Key clauses to consider include substitution, control, deliverables, acceptance criteria, payment structure, liability/indemnities, confidentiality, data protection, security, IP ownership and termination. Avoid copy‑paste templates – your agreement should fit the way you will actually work with the contractor.
5) Manage Agencies And Fee‑Payers
If you use an agency or marketplace, clarify IR35 responsibilities and information‑sharing obligations in your contracts. Build in warranties about the contractor’s tax status and working location, and include indemnities to cover liabilities arising from misstatements or non‑compliance in the chain.

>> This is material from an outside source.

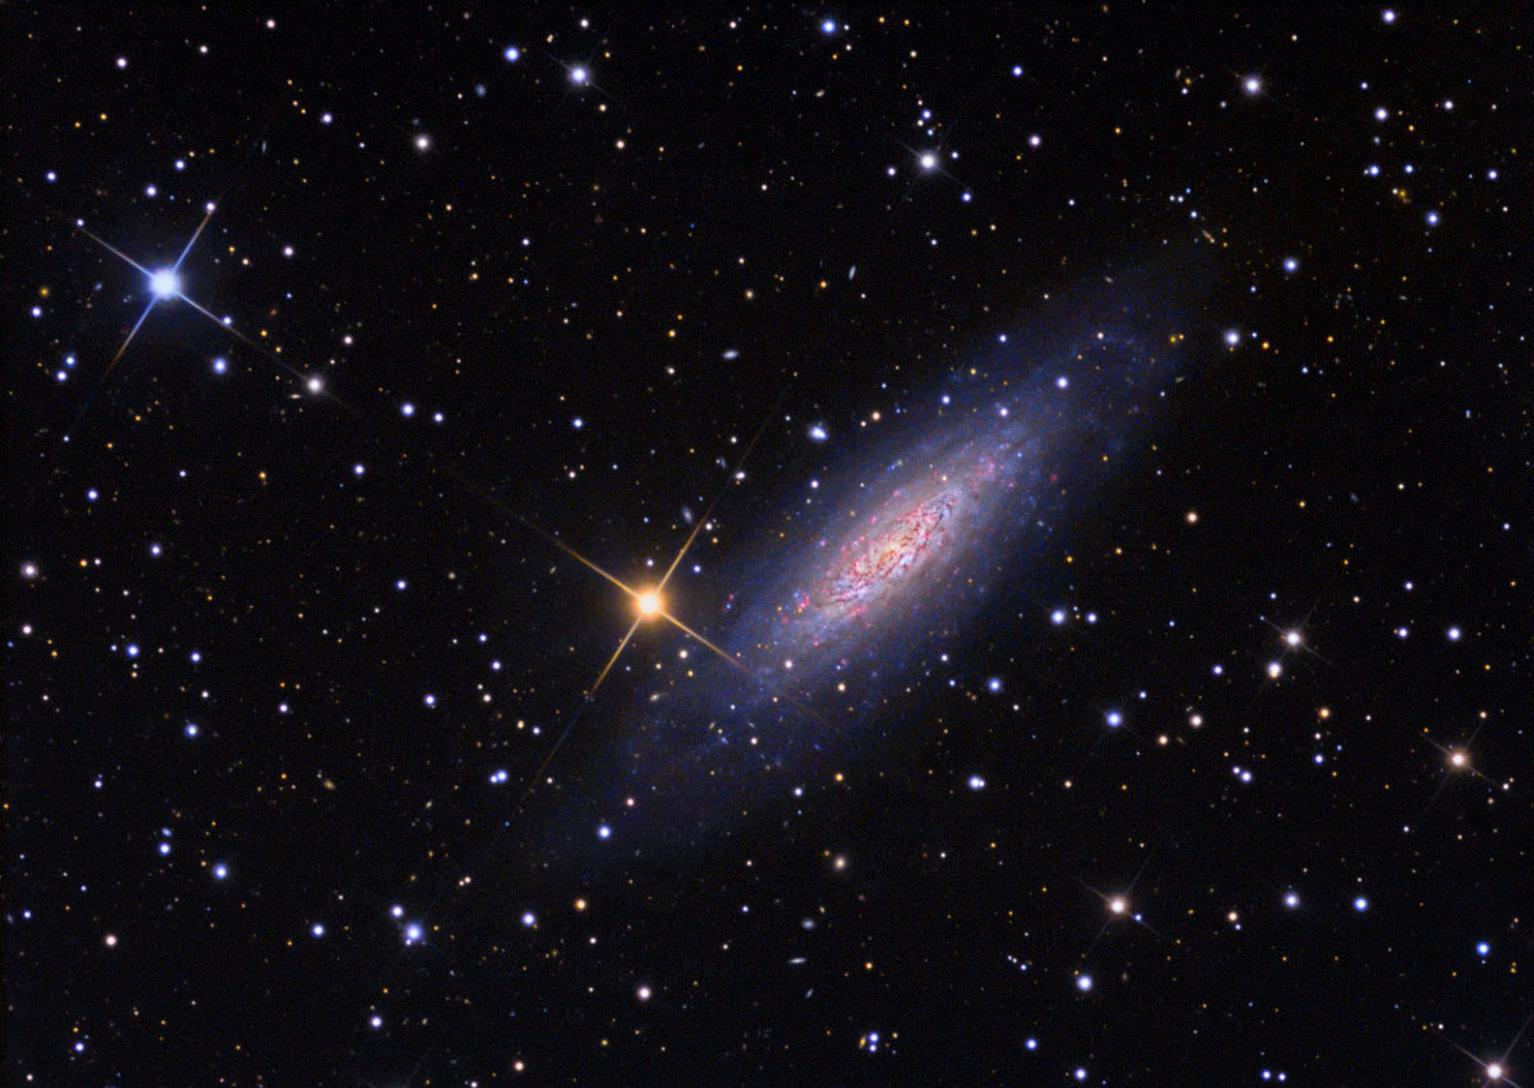 另类星系NGC 6503孤独地存在于宇宙空间中

6) Monitor, Audit And Update
IR35 is not a “set and forget.” Put in place periodic checks to ensure practices still match your SDS and that the contractor’s location, substitution arrangements or control level haven’t drifted over time. If they have, reassess and update your paperwork.
Essential Contracts And Policies To Have In Place
IR35 is just one part of contracting safely across borders. To stay protected and compliant, build a basic legal toolkit for every contractor engagement.
Contractors / Consulting Agreement
Use a tailored Contractors Agreement or consulting contract with clear scope, milestones, acceptance and payment terms. Include substitution mechanics that you can genuinely support in practice, and avoid employment‑like controls that undermine your status assessment.
IP Ownership And Licensing
Make sure you own the deliverables you’re paying for. With contractors, IP does not automatically vest in your business. Include robust assignment and moral rights waivers in the contract, and consider a separate IP assignment if helpful. Our guide on intellectual property and independent contractors explains the usual pitfalls and fixes.
Confidentiality And NDAs
If you’re sharing sensitive information, use a sensible Non‑Disclosure Agreement before detailed scoping, and keep confidentiality obligations strong in the main services contract. Don’t forget practical controls (access, encryption, need‑to‑know) alongside the legal wording.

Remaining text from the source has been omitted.